I imagine a similar conversation was taking place in homes across the country.
I like to think that the Royal Wedding gave the distaff side of the nation the chance to rise as one woman and wreak a day of terrible revenge for all the hours and hours and hours of sport it’s been subjected to.
Just think for a moment. When the man in your living room leaps from his chair and yells something like “Ye…e…esss, get in my son!
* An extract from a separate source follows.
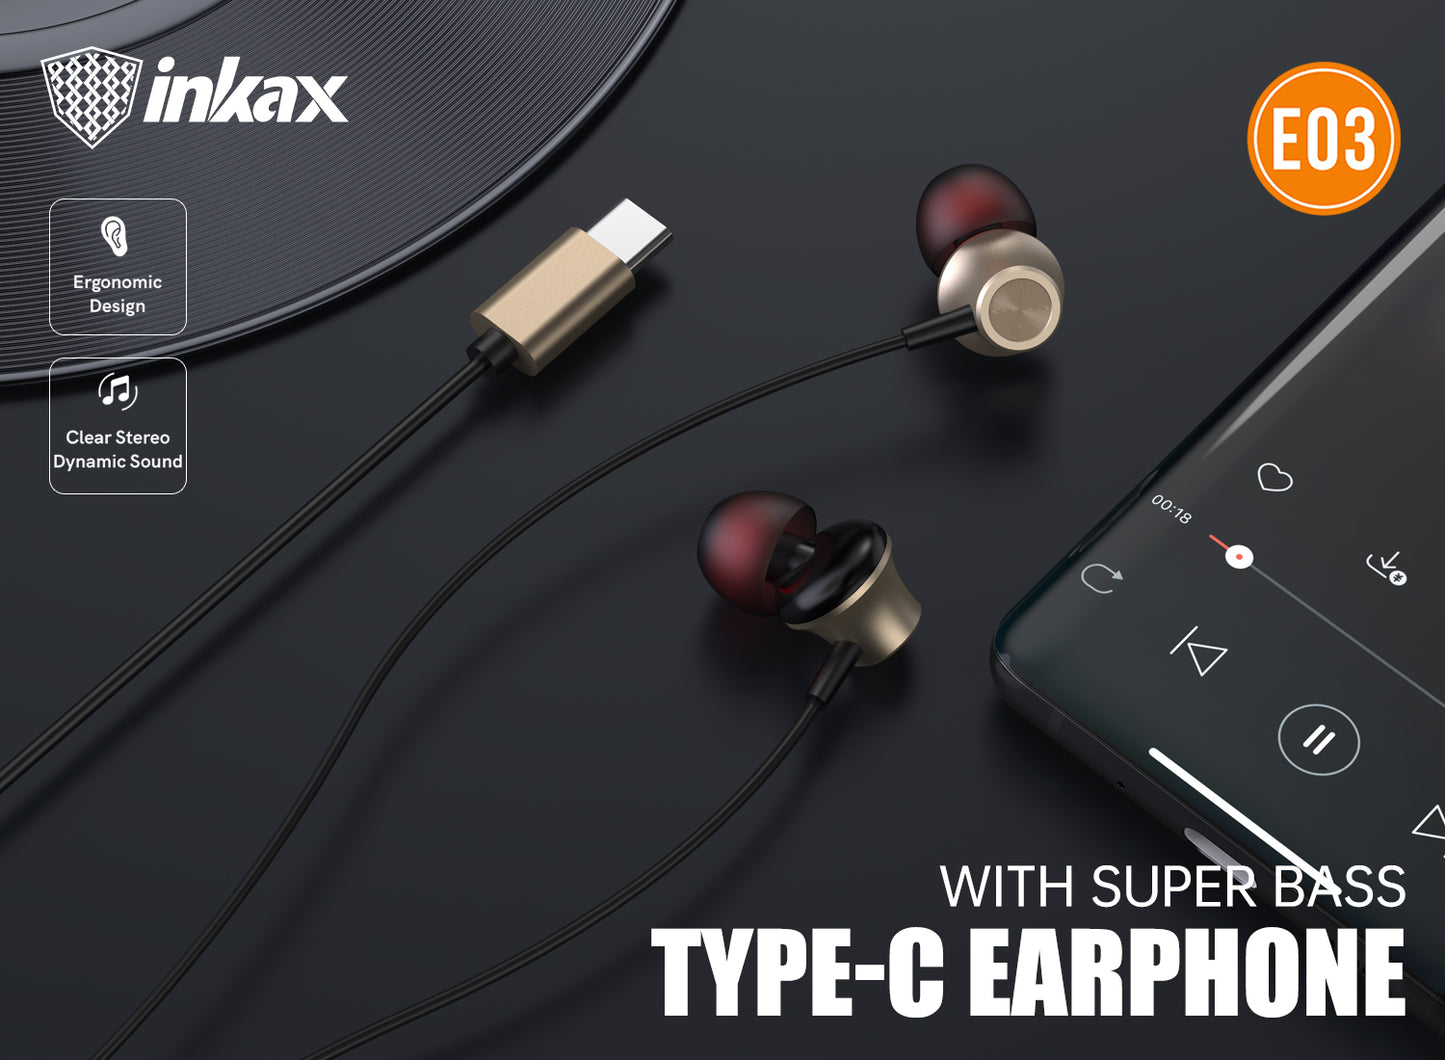 Inkax E03 1.2M Super Bass Type-c Earphone

Lovely jubbly,” as Wayne Rooney does something, apparently, brilliant with a ball while running around the pitch for England, do you find yourself thinking:
a) “My word, the way that man read the positioning of the defenders there and managed to achieve an effective goal attack position in tandem with a perfect feeder shot from Peter Crouch was outstanding“.
Or
b) “That Rooney boy really looks like a potato.”
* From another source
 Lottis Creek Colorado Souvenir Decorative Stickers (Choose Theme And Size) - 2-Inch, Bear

Obviously, as sport is so relentlessly dull and unattractive, most normal females are thinking the latter there, but none of us would have the temerity to challenge the in-depth commentary of the men about the house with something as insulting as “how do you know all this cr*p?” - because boy stuff is always really important.
A small survey carried out among family and friends revealed that last Friday many husbands, brothers, fathers and boyfriends chose to leave the house to do man things like play golf or wash the car while their women watched the wedding on TV.
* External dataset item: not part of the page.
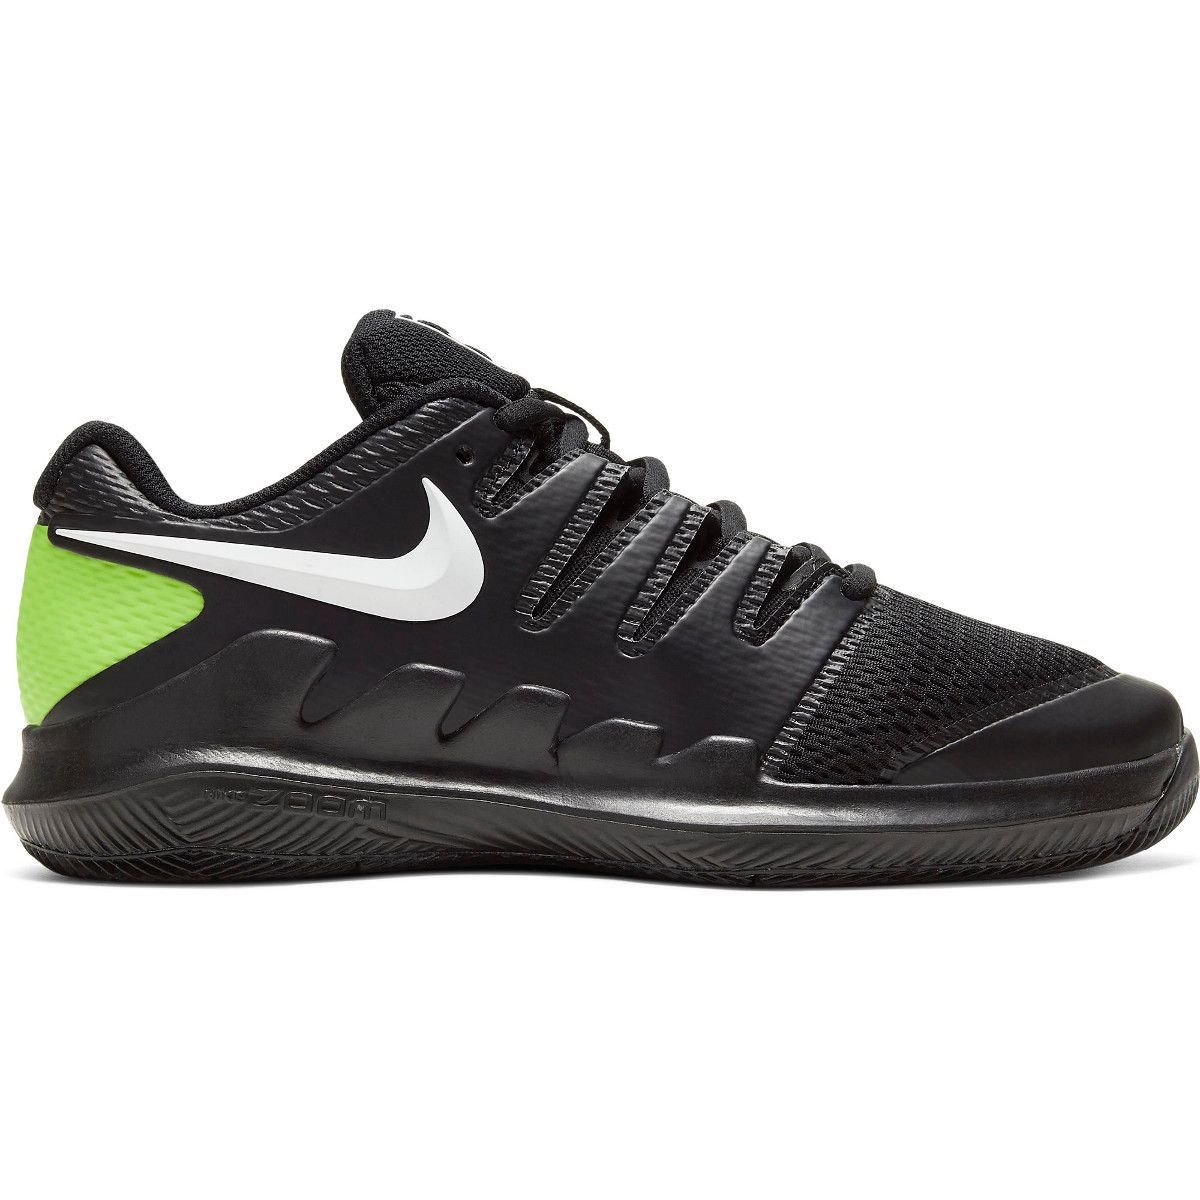 NikeCourt Vapor X Junior Tennis Shoes AR8851-009

The phenomenon wasn’t confined to Blighty.
When it became painfully clear that my husband wasn’t interested in my running commentary I turned to Twitter for support, which was when I saw the excited and entirely accurate transatlantic tweet (above) about the Super Bowl.
I have to say that my Royal Wedding morning perked up when I realised there were millions of women out there eager to have a chat (in no more than 140 characters) about the drama unfolding on screen.
It certainly added to the gaiety of the occasion.
“Princess Michael of Kent has brought her own satellite dish to the Abbey” tweeted one wag as ‘Princess Pushy’ rocked up at the west door wearing a hat bigger than a paddling pool.
“Wouldn’t want to be stuck behind her” tweeted another.
“Not unless you were Beatrice or Eugene - take a look at ITV NOW!” someone replied.
There was a minute of Twitter silence as we all flipped channels, then multiple tweets along the lines of, “OMG. #Beatrice&Eugene!” or “#Beatrice&Eugene what were they thinking?”
Every fairytale has its ugly sisters and unfortunately this one had Fergie's daughters. I feel for them, I really do. I mean, we all made terrible fashion mistakes when we were younger, didn’t we?
It’s just that ours weren’t broadcast to an audience of billions around the world.
“#Beatrice looks like a giant nude stag” tweeted one horrified viewer.
“#Beatrice - nude is very on-trend and hat is Philip Treacy” tweeted a kinder soul. (For males reading this I should, perhaps, point out that Philip Treacy is the Frank Lampard of hat design).
Actually, I did call my husband over to have a look at poor Bea’s hat, but at that moment the cameras hopped to the entrance of the Abbey where the bride and bridesmaids were assembling.
Pippa, in that slinky little white dress, was bending over to arrange Kate’s train, her lovely shiny bottom - all pert and round and peachy - filled the screen.
“Now, she looks very nice,” opined my husband - in his momentous first ‘fashion’ comment on the wedding.
Apparently he wasn’t alone. It was at that very moment that jaded, frocked-out males across the land sat up in their armchairs and stated to take a proper manly interest in #RW11, or more accurately, the “#hotnessofPippa”.